Bayer, like other German companies, has substantial worker representation on its supervisory board, a structure that helps insulate it from the whims of the stock market.
All of Monsanto’s directors, by contrast, are elected annually by shareholders. In the U.S., a board that rejects a credible takeover offer is vulnerable to lawsuits, fierce criticism on CNBC and a nasty proxy fight.
Radhakrishnan Gopalan, associate professor of finance at Washington University’s Olin Business School, says Monsanto had little maneuvering room once Bayer made its initial offer.
Given the bad news it has delivered recently — last month, Monsanto said its earnings would be at the low end of its target range for this year and would remain under pressure next year — Gopalan believes the stock market would have reacted harshly if the company had rejected Bayer outright.
“They needed a change of direction, because the industry is going through some tough times,” Gopalan said. “This is a pretty darned attractive offer considering the state of the industry and the target.”

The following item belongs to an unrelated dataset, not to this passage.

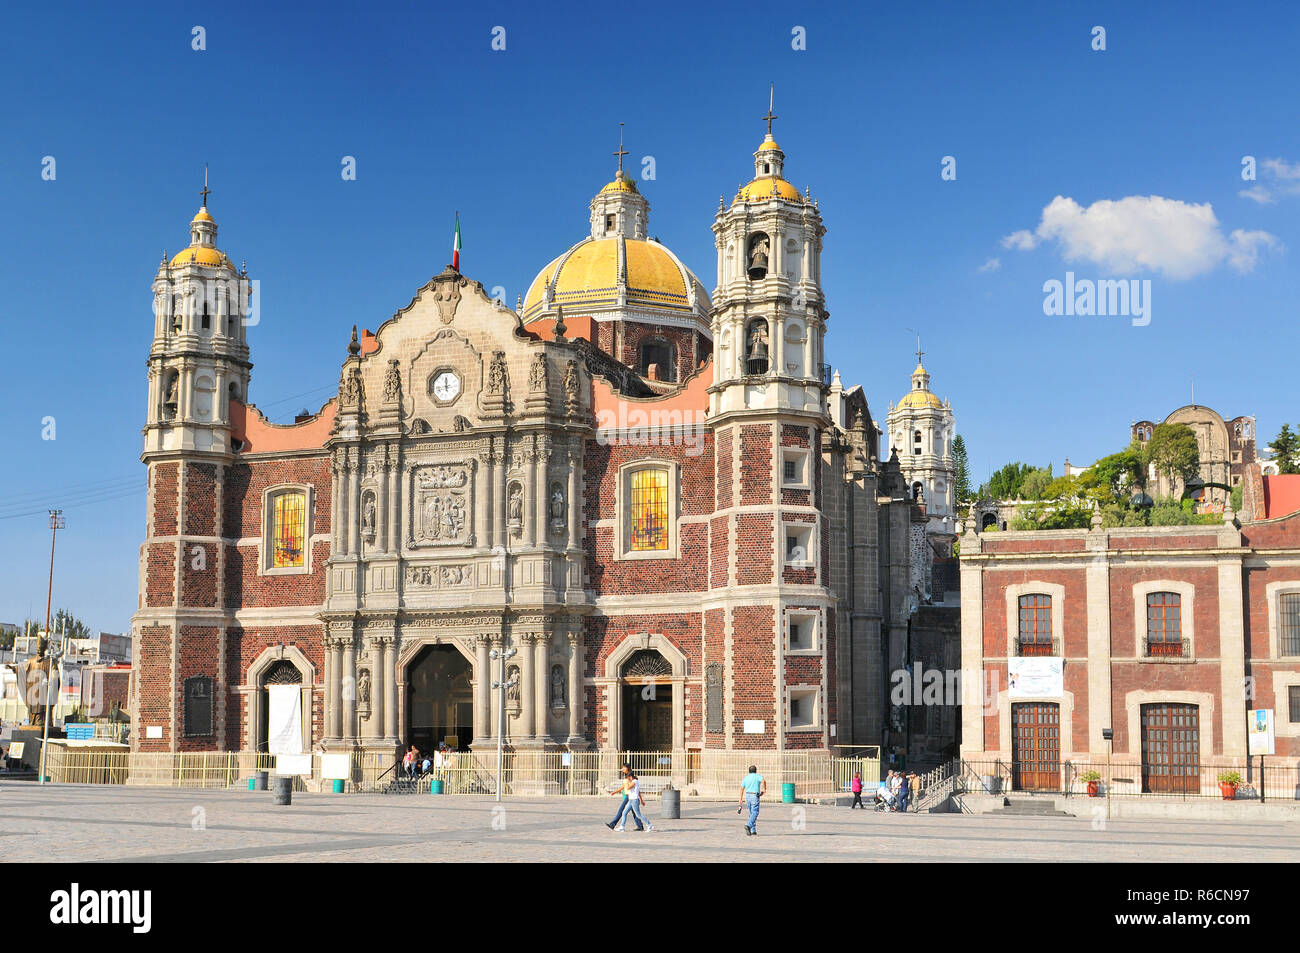 The Basilica Of Our Lady Of Guadalupe, Roman Catholic Church In Mexico City, Mexico Stock Photo

Even though Bayer’s initial bid of $122 a share struck many analysts as too low, the German company’s no-nonsense stance worked. It ended up paying just 5 percent more at $128 a share.

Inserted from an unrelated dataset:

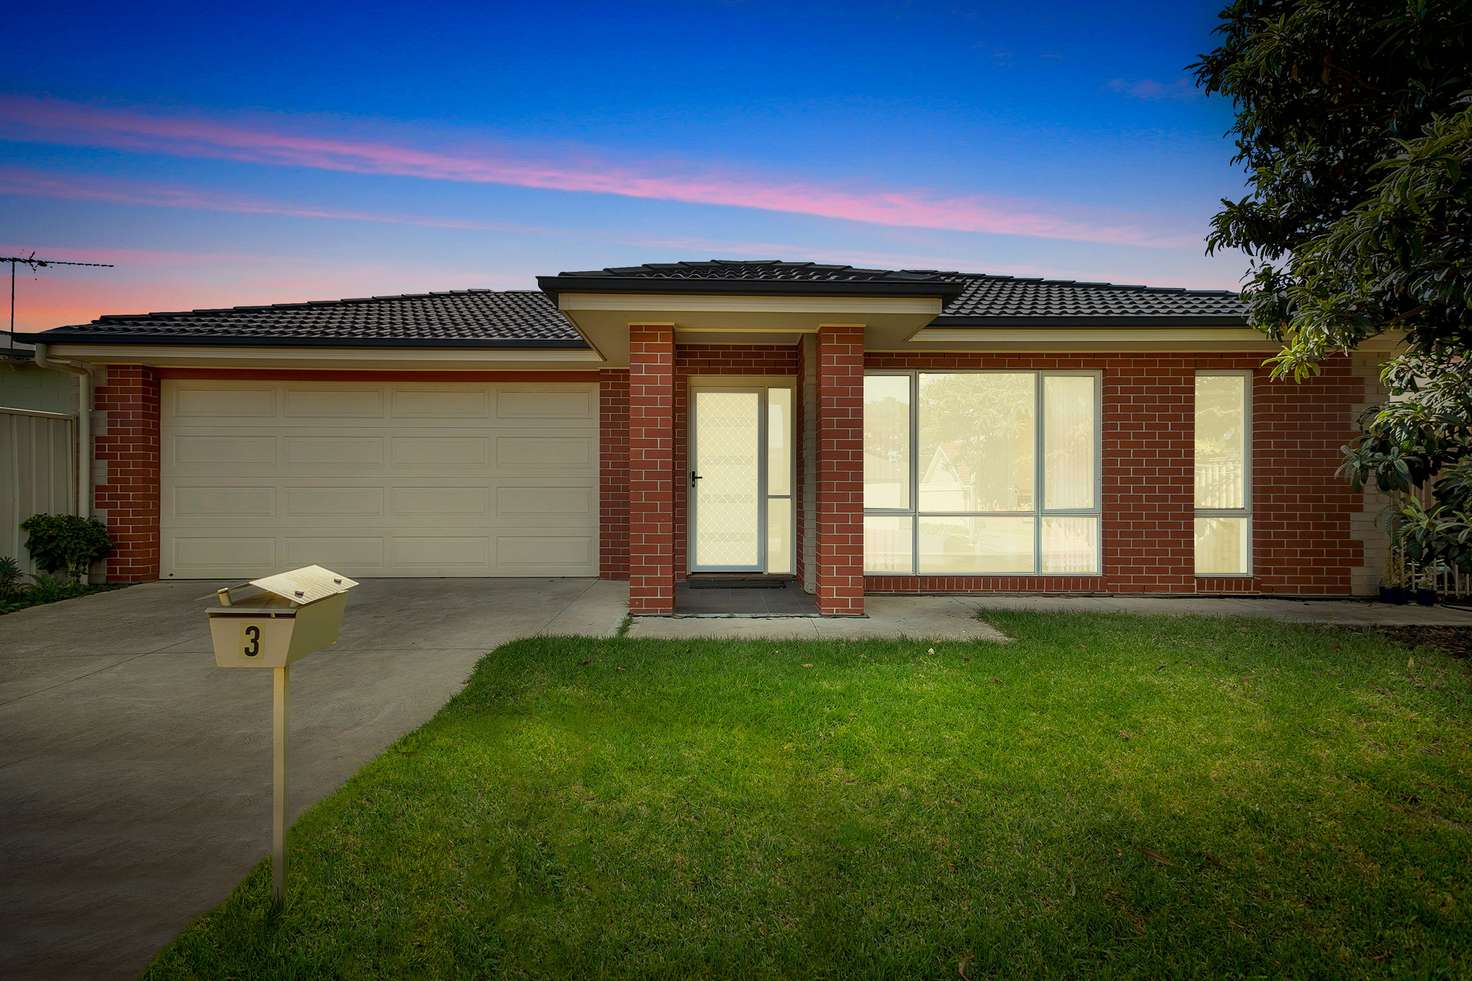 Main view of Homely house listing, 3 Wyn Street, Campbelltown SA 5074

Although Monsanto said repeatedly that it was considering other strategic options, in the end it had to say yes or no. “If the alternative is selling to Bayer or standing alone in a weak environment, you don’t have all that much bargaining power,” Gopalan said.
Had Monsanto walked away, the market reaction would have been ugly. Its shares might have fallen 15 percent to 20 percent, putting them back where they were before Bayer expressed interest, or more. Lawsuits would have been inevitable.
“Many shareholders are short-term in nature,” says Matt Arnold, an analyst at Edward Jones. “The board can govern for the long term, and I think they do, but shareholders are holding them to a short-term standard in many respects.”
So the U.S. version of capitalism, along with a farm slump that has been longer and deeper than anyone expected a year ago, has handed the Germans a great bargain.
In a way, that may be good. If Bayer had paid more, it would be under more cost-cutting pressure and would have less ability to invest in research while profits remain depressed. Such investments, in the end, are St. Louis’ biggest stake in this deal.